Aug 6 (Reuters) - NRG Energy NRG.N beat Wall Street estimates for second-quarter profit on Wednesday, as the utility got a boost from surging power demand and improved retail margins in its Texas unit.
The company also entered into a 295 megawatt long-term retail deal to power data centers constructed on two NRG-owned sites in Texas, with a potential to expand to about 1 gigawatt across additional sites.
NRG is positioned to benefit from surging electricity demand in Texas, driven in part by a boom in data centers, which require steady, large-scale power supplies to support artificial intelligence and cloud computing operations.
The U.S. Energy Information Administration $(EIA)$ said in April that power consumption in the country is expected to reach record highs in 2025 and 2026.
NRG added that it plans to return $1.3 billion to shareholders and about $345 million in common stock dividends in 2025 as part of its previously announced 2025 capital allocation plan.

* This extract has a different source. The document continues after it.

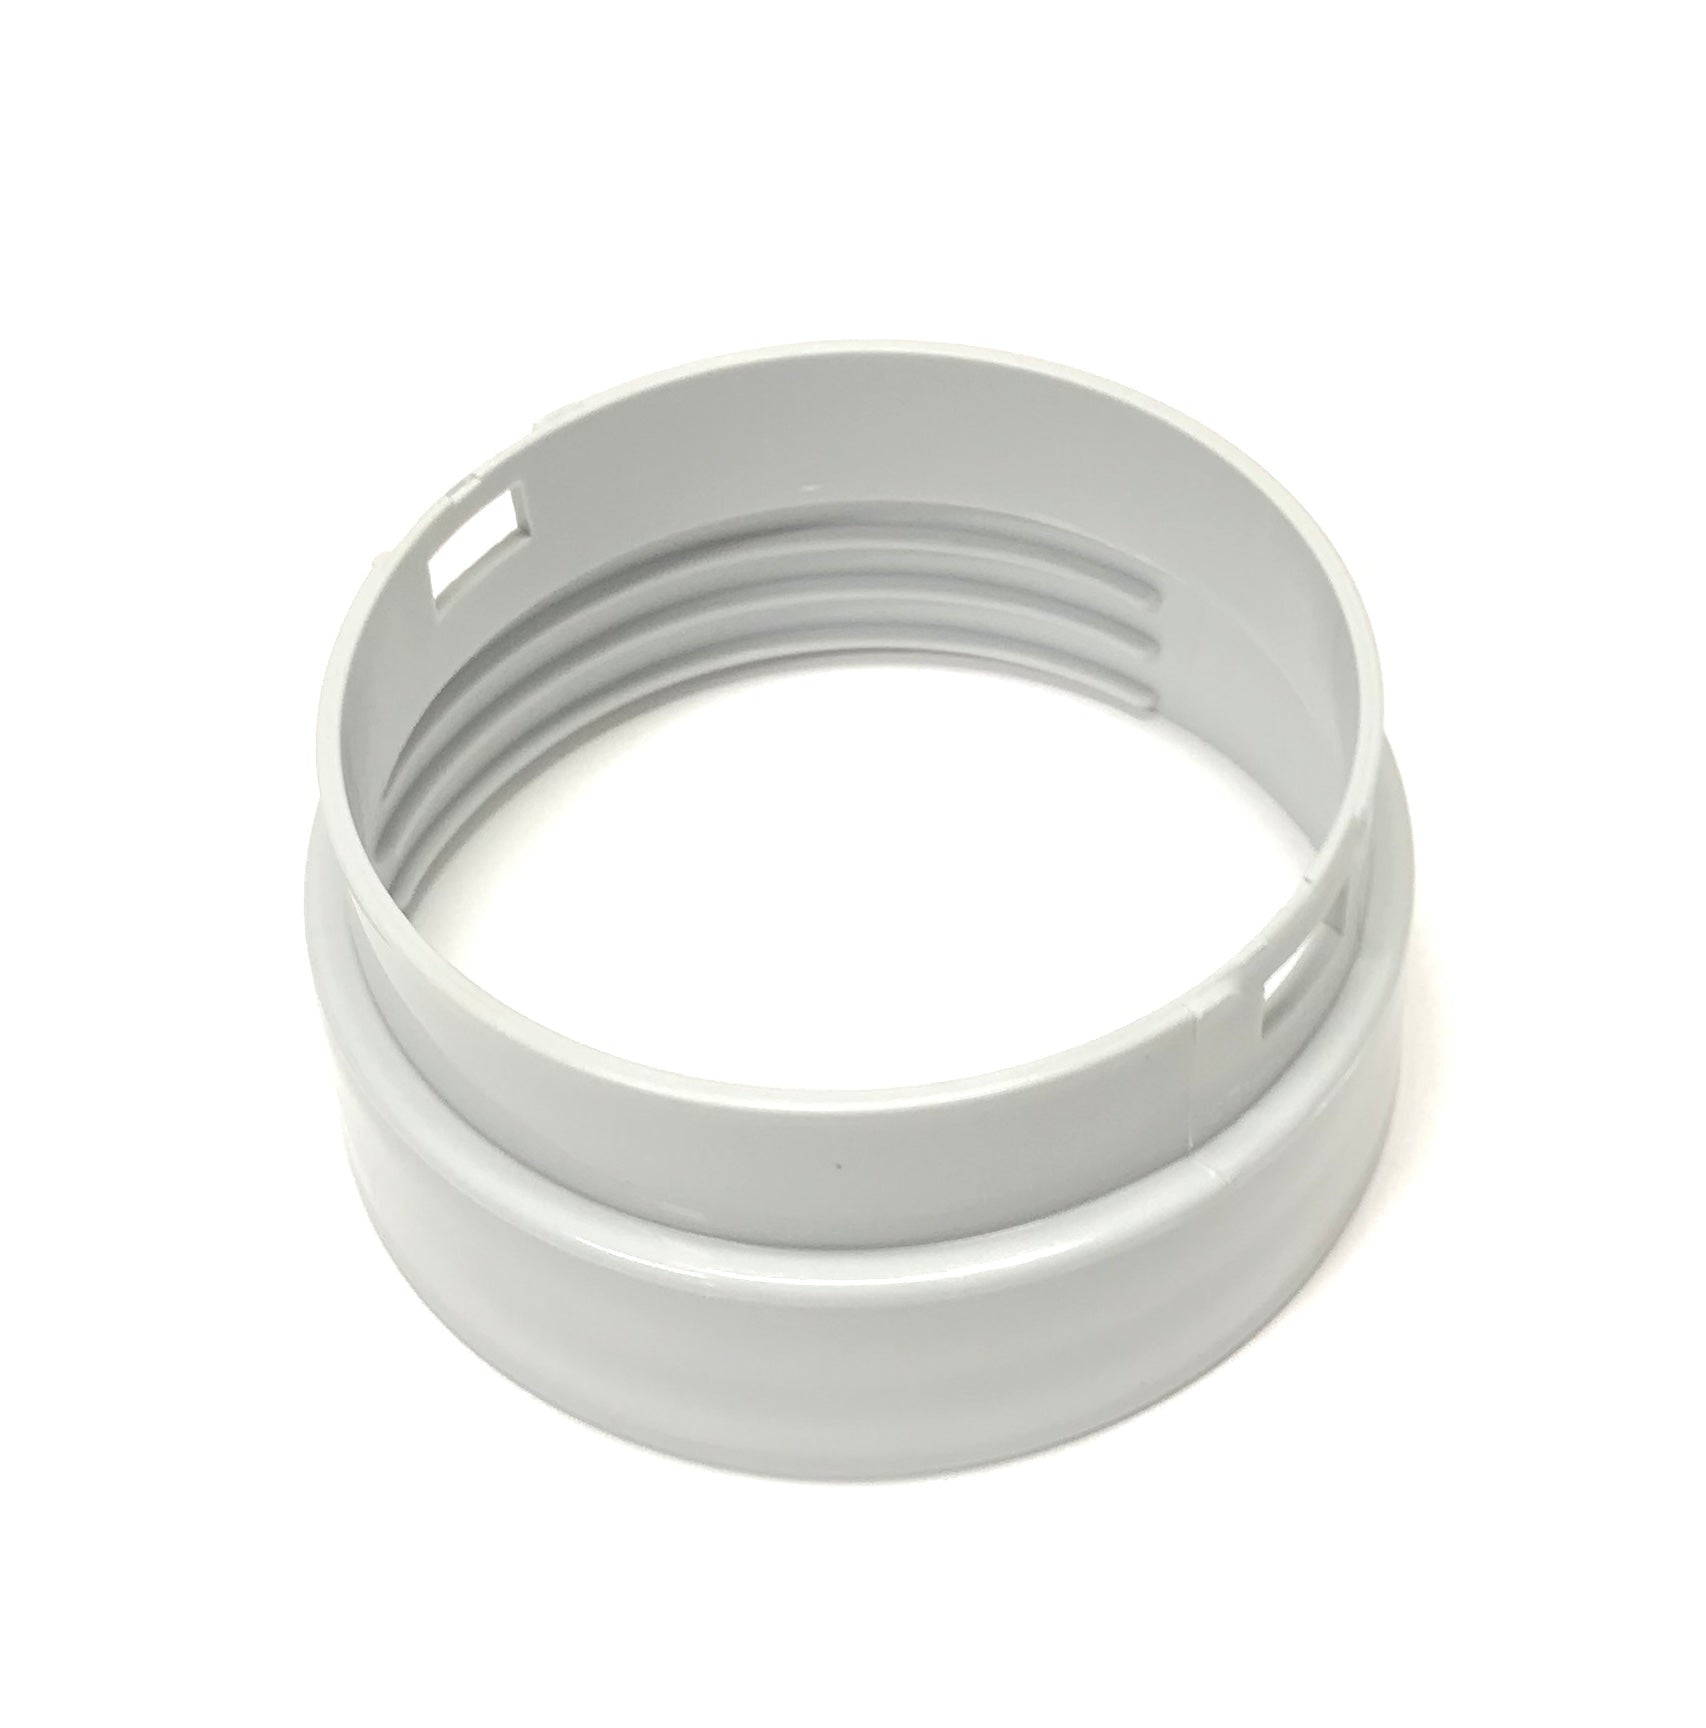 OEM Danby Air Conditioner AC Exhaust Hose Connector Originally Shipped With DPAC7099, DPAC70991

The company's Texas unit posted an adjusted core profit of $512 million, up form last year's $452 million.
NRG's operating expenses rose to $6.74 billion in the quarter ended June 30, from $5.25 billion a year ago.
On an adjusted basis, the company posted a profit of $1.73 per share, beating the average analyst estimate of $1.56, according to data compiled by LSEG.
NRG reaffirmed its current-year adjusted profit forecast of $6.75 to $7.75 per share.